宗田花 小説の世界
九十九と八九百と十八
13. 出た
「居候はどうしてる」
「八九百と十八?」
「そのネーミングセンスはいただけないけどな」
「ケチつけるわけ?」
「数字で書いてみろ。4月1日99、89100,18。何かの暗号か?」
俺のセンスにケチつけてんのはマスター。存在そのものにセンスがないあんたに言われたくない。よっぽどそう言おうかと思ったけど、さっき酔っぱらいを追っかけてきたチンピラを眼光で追い返したゴルゴを思い出して、我が身を大事にすることにした。
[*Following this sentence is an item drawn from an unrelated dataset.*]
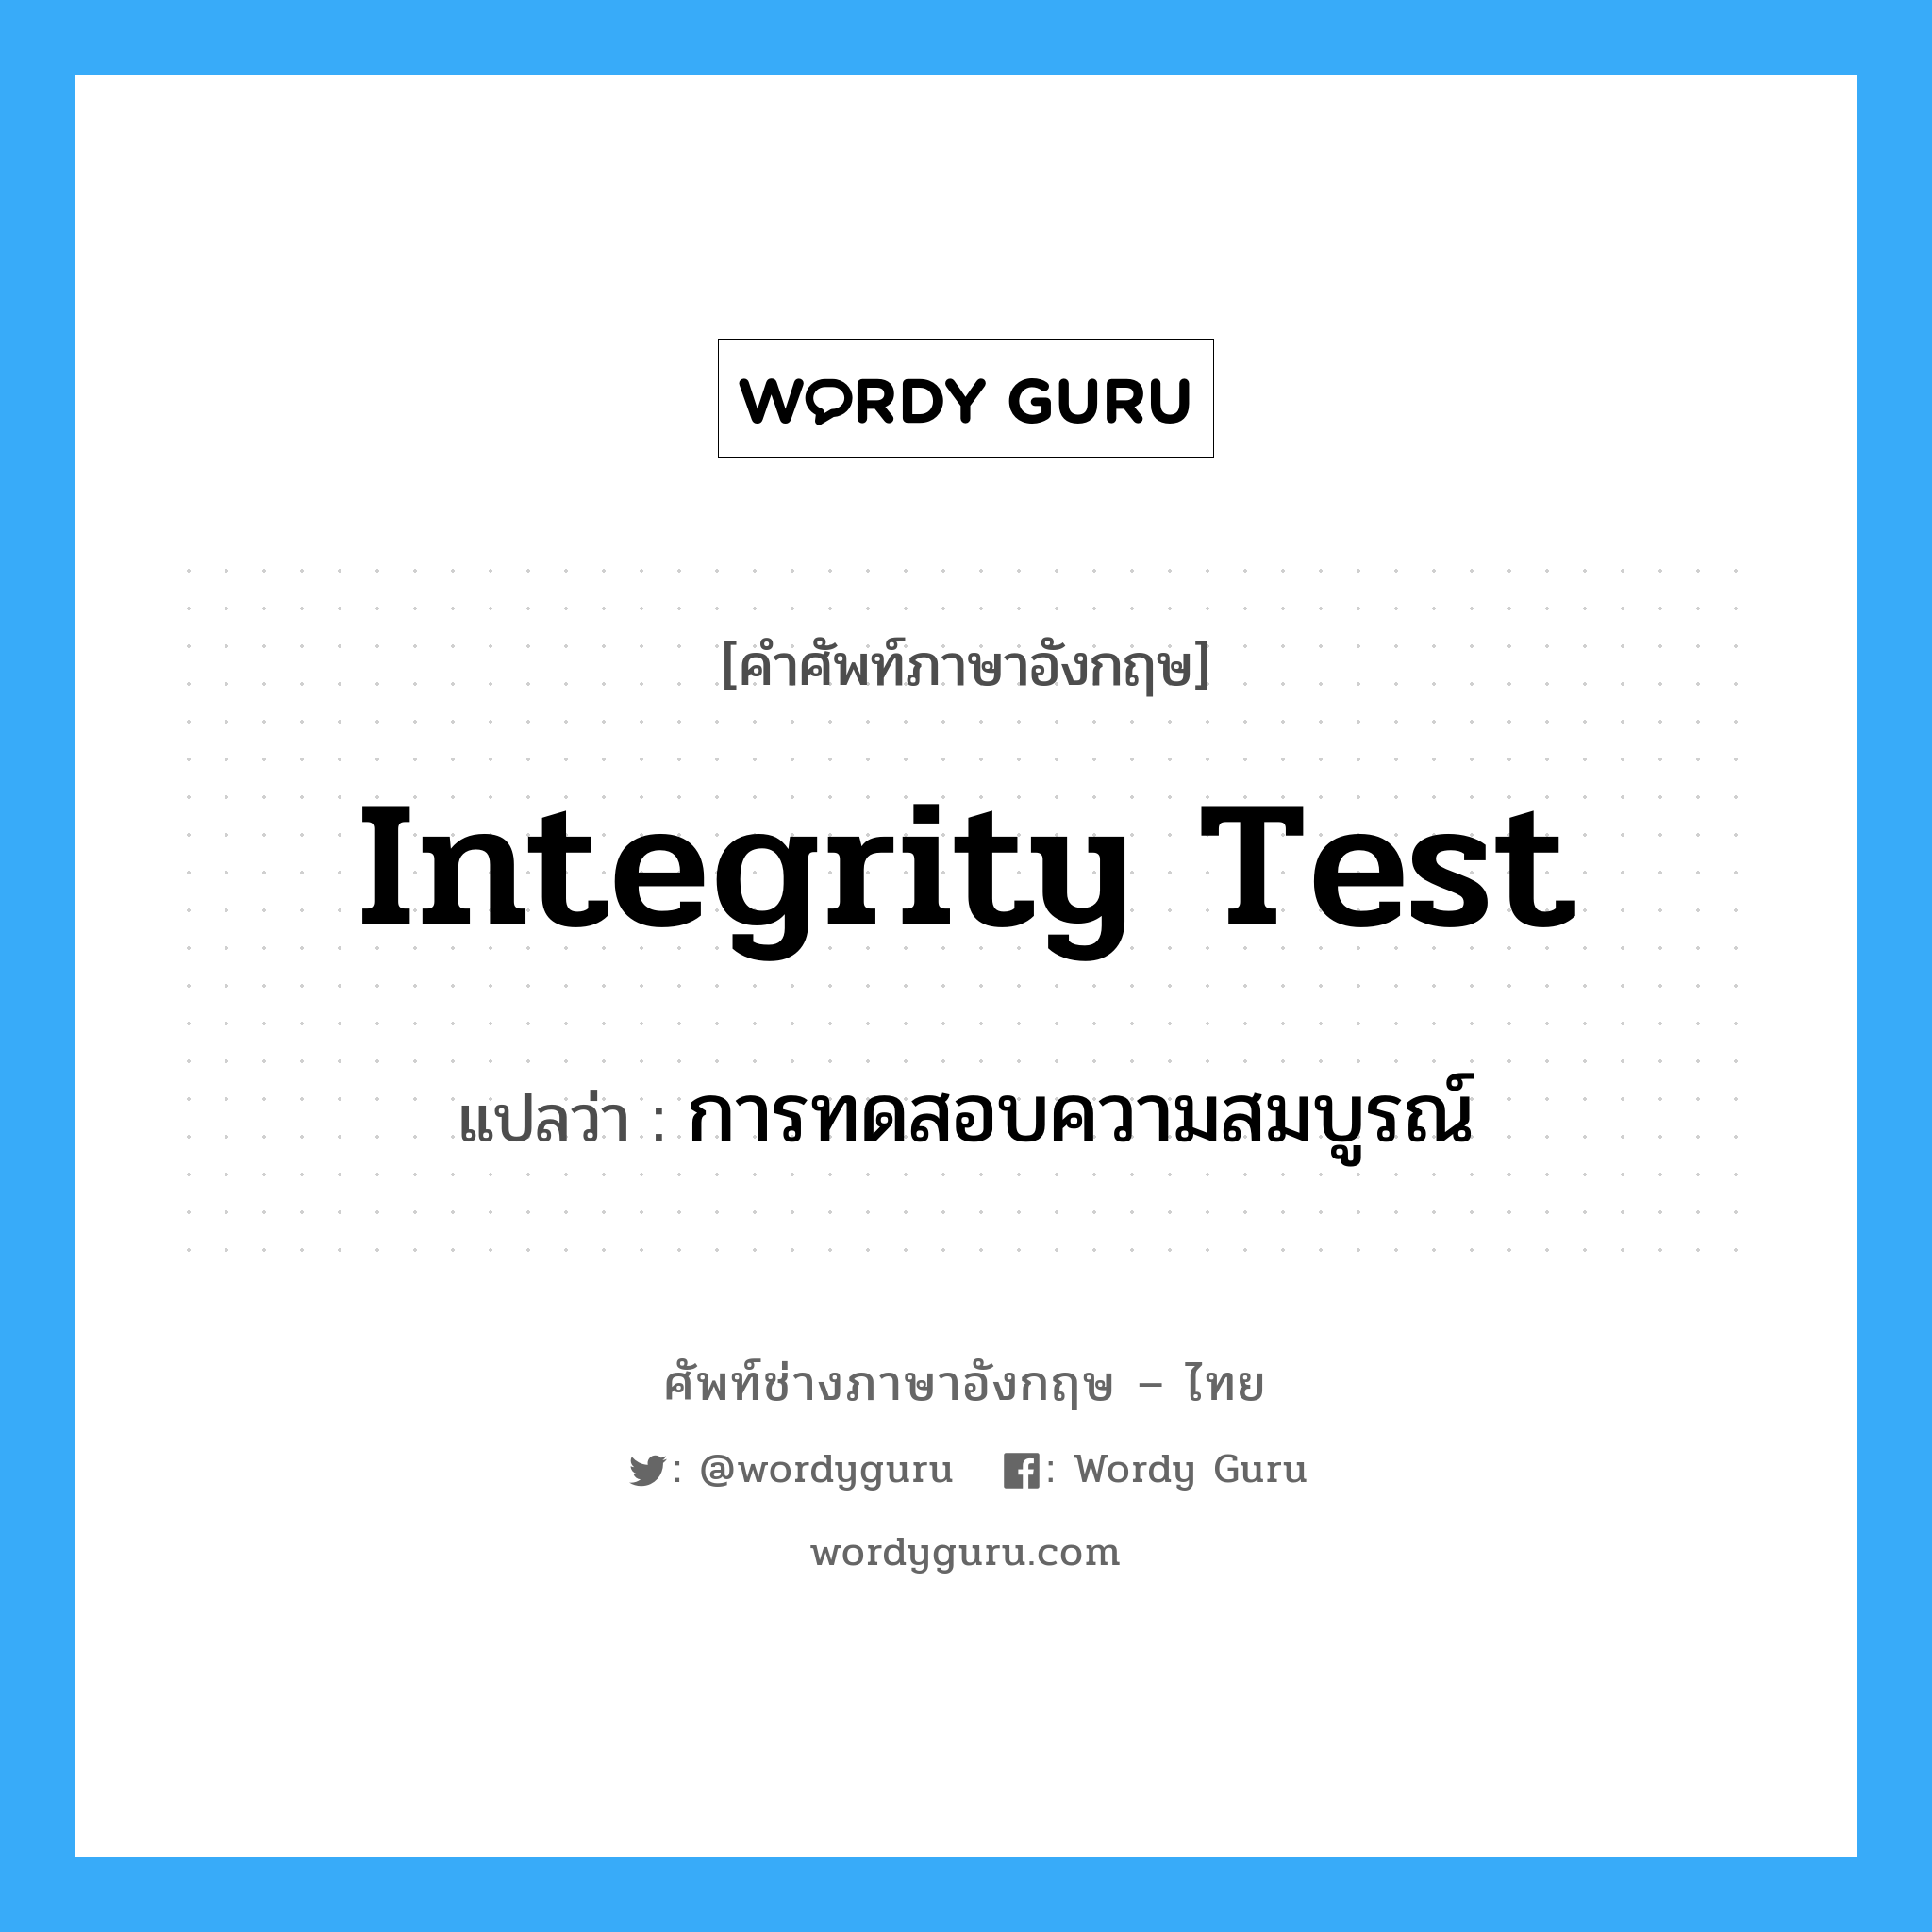 การทดสอบความสมบูรณ์ ภาษาอังกฤษ?, คำศัพท์ช่างภาษาอังกฤษ - ไทย การทดสอบความสมบูรณ์ คำศัพท์ภาษาอังกฤษ การทดสอบความสมบูรณ์ แปลว่า integrity test
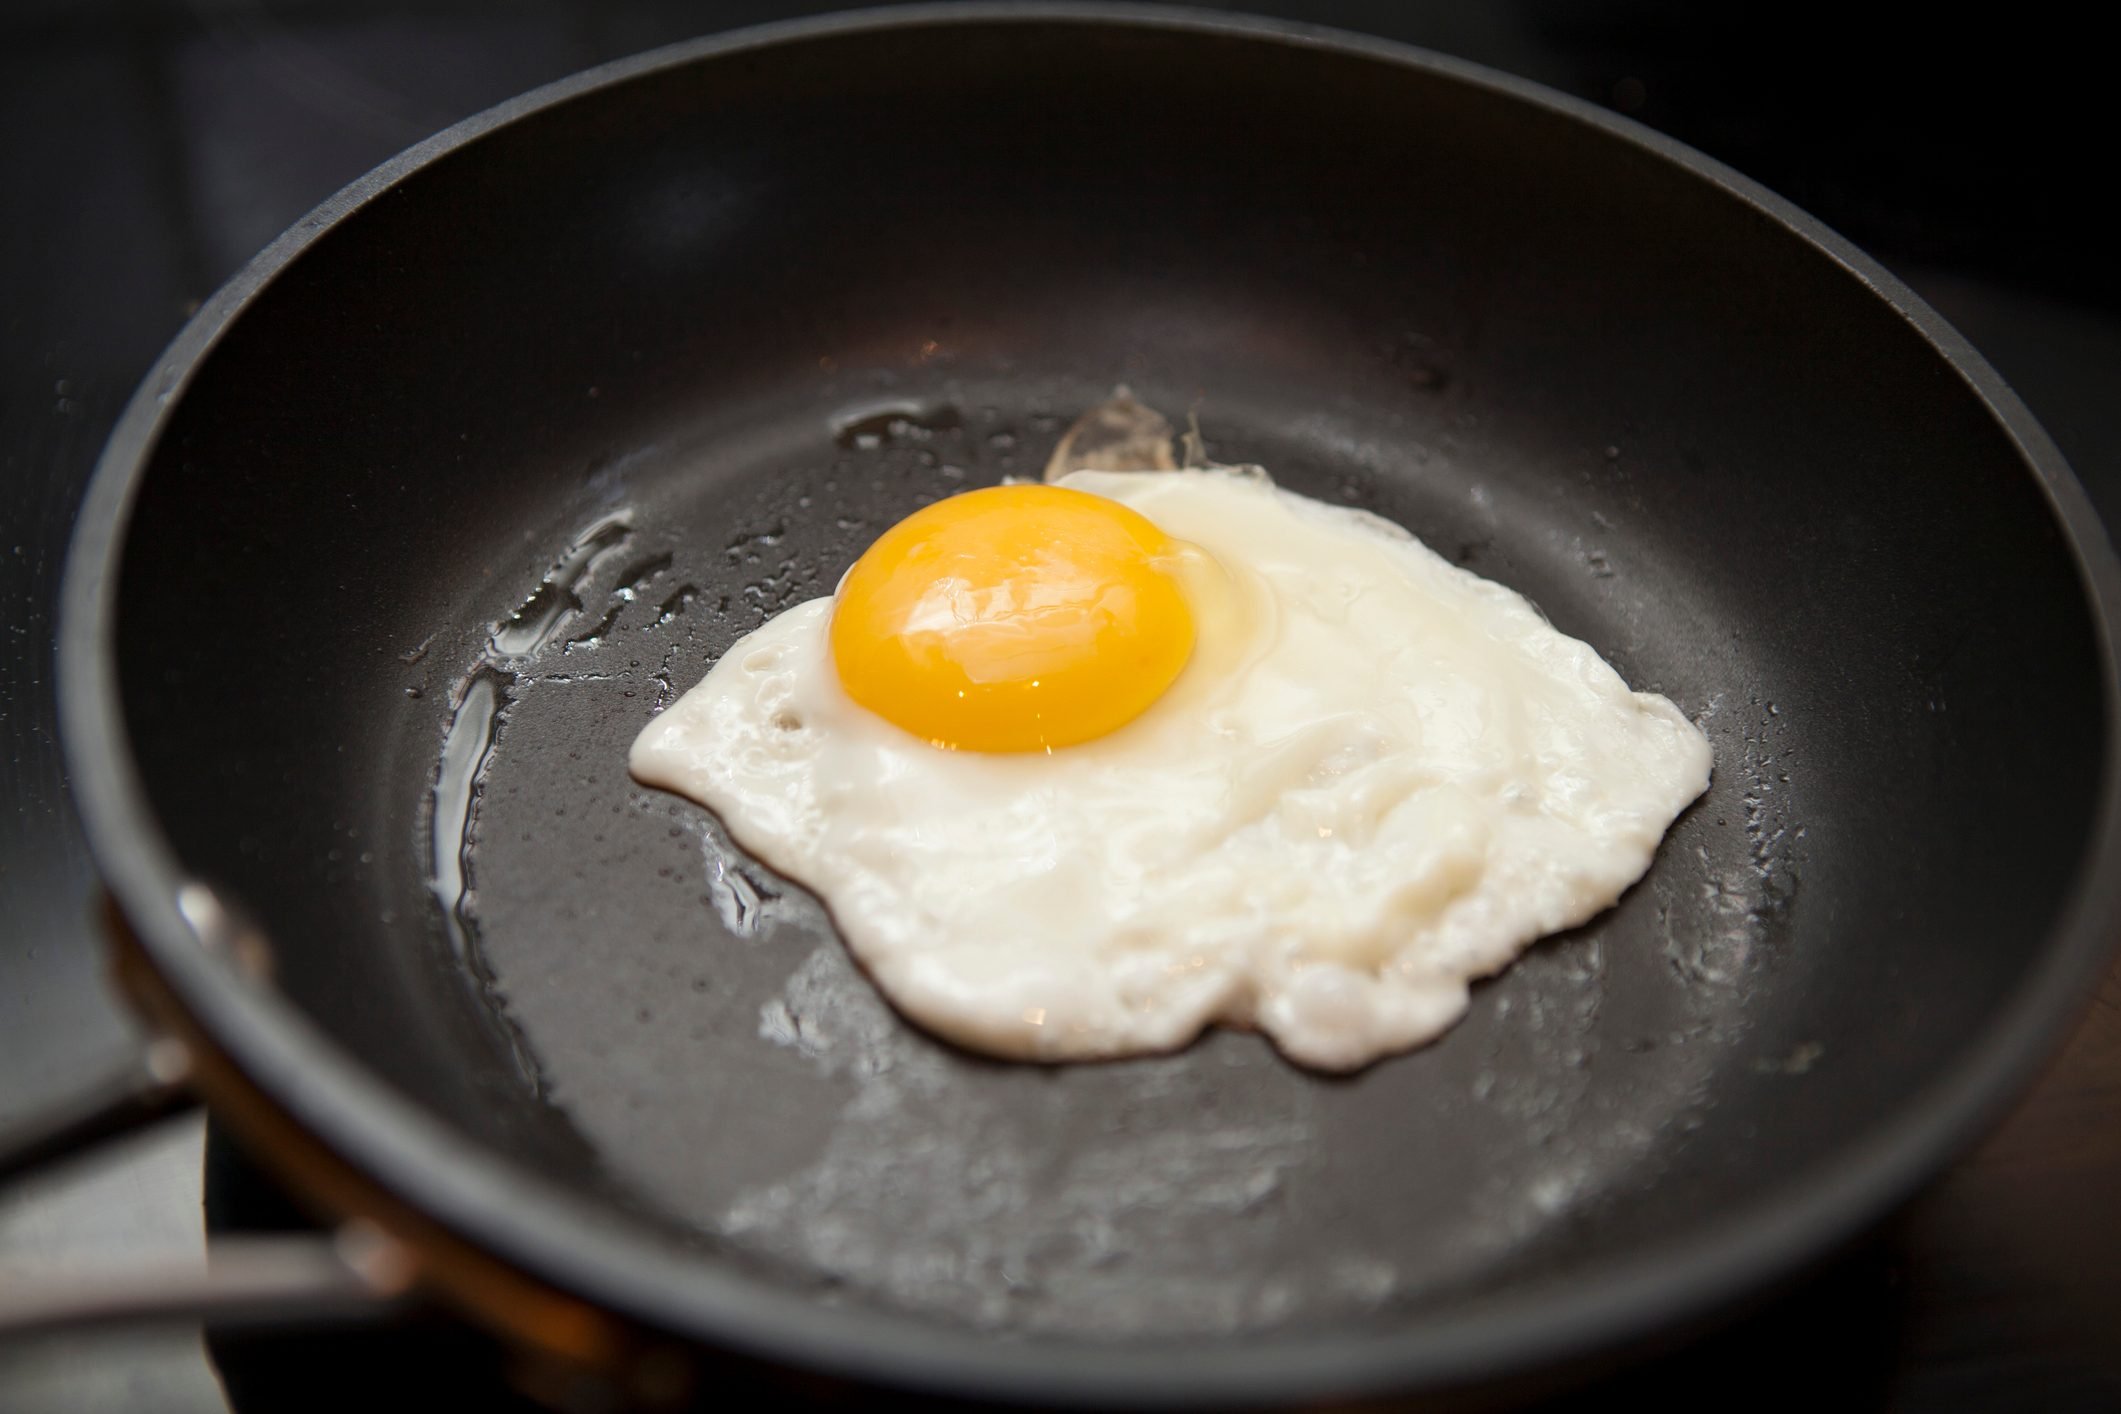 Frying Pan, Non-stick Egg Frying Pan, For Eggs, Steaks, Ham

「あいつ、急に怖がってさ。あんまり知りたくないみたいなんだ、自分のこと。早く知りたいって言ってたのに」
「そういうもんじゃないか? 忘れてるから知りたいが、よく考えたら何をやったか分からない過去を思い出す。そりゃ怖気づくさ」
「そういうもんか…… 何もしない方がいいと思う?」
「そうだなぁ」
「あちこちに写真バラまくとか」
「ヤバいことやってたらどうするんだ? 記憶をな失くすほどだ、何かあったと思う方が妥当だろ」
「やっぱりそうなるよな」
時計を見るとまだ 8時35分。今頃飯食い終わって十八とのんびりしてるとこだろう。
(まだ時間かけてもいいか。八九百自身が望んでないなら急ぐ理由も無いしな)
俺は仕事の方に集中することにした。
「ねぇ、今夜付き合わない?」
「付き合わない」
「どうして? いつも九十九ちゃんは断るわね」
「あんたが女だから。前にも言ったよな」
目の前のカウンター席に座ってるのは俺を夏から口説いてる30過ぎのオバさん。
『金持ってんだから一晩つき合っちゃえばいいのに。ヤるだけでしょ?』
『瑠美ちゃん。10代の乙女がそんな言葉使っちゃいけません』
『PTAみたい。案外硬いよね』
『しょうがないの! 女相手に勃たたないの!』
『九十九って、とことん安パイでつまんない』
オバさんが帰ると必ずする会話。でも今日のオバさんは何が何でも俺をお持ち帰りするつもりらしい。
「言うこと聞きなさいな。あんたにとってもお得よ」
「どこがお得なの?」
一応客だから話は聞いてやる。
「そうね、旅行連れてってあげる。最初は香港かな。セブ島でもいいわよ」
「なんか成金丸出しだね」
「あんたも言うわねぇ」
マスターが出てきた。ちょっとホッとする。マスターは俺がこの手の誘いを嫌っているのをよく知っている。
「こいつに粉かけても時間の無駄だよ、りつこさん」
「マスター、邪魔しないでよ。今は九十九ちゃんと話してるんだから。ところでそろそろ本名教えてよ、九十九ちゃん」
ふざけた名前だから逆に源氏名だと思われてるらしい。願ったり叶ったりだ。
「こいつは『氷の九十九』。女になびいたのを見たことが無い。ゲイなんじゃないかって俺は疑っている」
「またまたぁ!」
いや、マスターは知ってるから。俺が時々客を物色しちゃ、サービスしてんのを。たいがい連れがいたりしてダメなんだが。
「ね、考えといて。あんまり袖にするといいこと無いわよ」
怖いオバさん。凄んだ目で捨て台詞残して出て行った。
「なんだ、最後の。あれって脅し?」
「ちょっと調べとくよ。俺も気になる」
「助かる」
「従業員の安全に気を配るのは雇い主の務めだ」
マスターは裏のことをよく知ってる。どっかのアニメの主人公いたいだ。マスターこそ謎の男だと俺は思ってる。
「これ、持ってけ」
「牛肉? たっぷりあるじゃん!」
「今日は思ったよりミニステーキの注文が無かった。冷凍にしたやつを客に出すのは好かん」
「……ありがとう。いつもより発注が多いなって思ってたんだ」
「ふん。お前は結構働きもんだからな。おい、いい男だって言ってたよな。なんとかなりそうなのか?」
「多分だめだ。あいつはそういうんじゃないんだ」
「そうか。ま、お前のいいところだ。見極めをつけるのがいつも上手い」
「下手くそなんだよ、つき合いってのが」
「そうとも言うな」
ちょっと出るのが遅かった。家に着く頃には4時近いかもしれない。うんと迷ってあの裏道を行くことにした。そんなに続けていろいろ出られて堪るか。
それが、出た。出た、ってか、降って来た。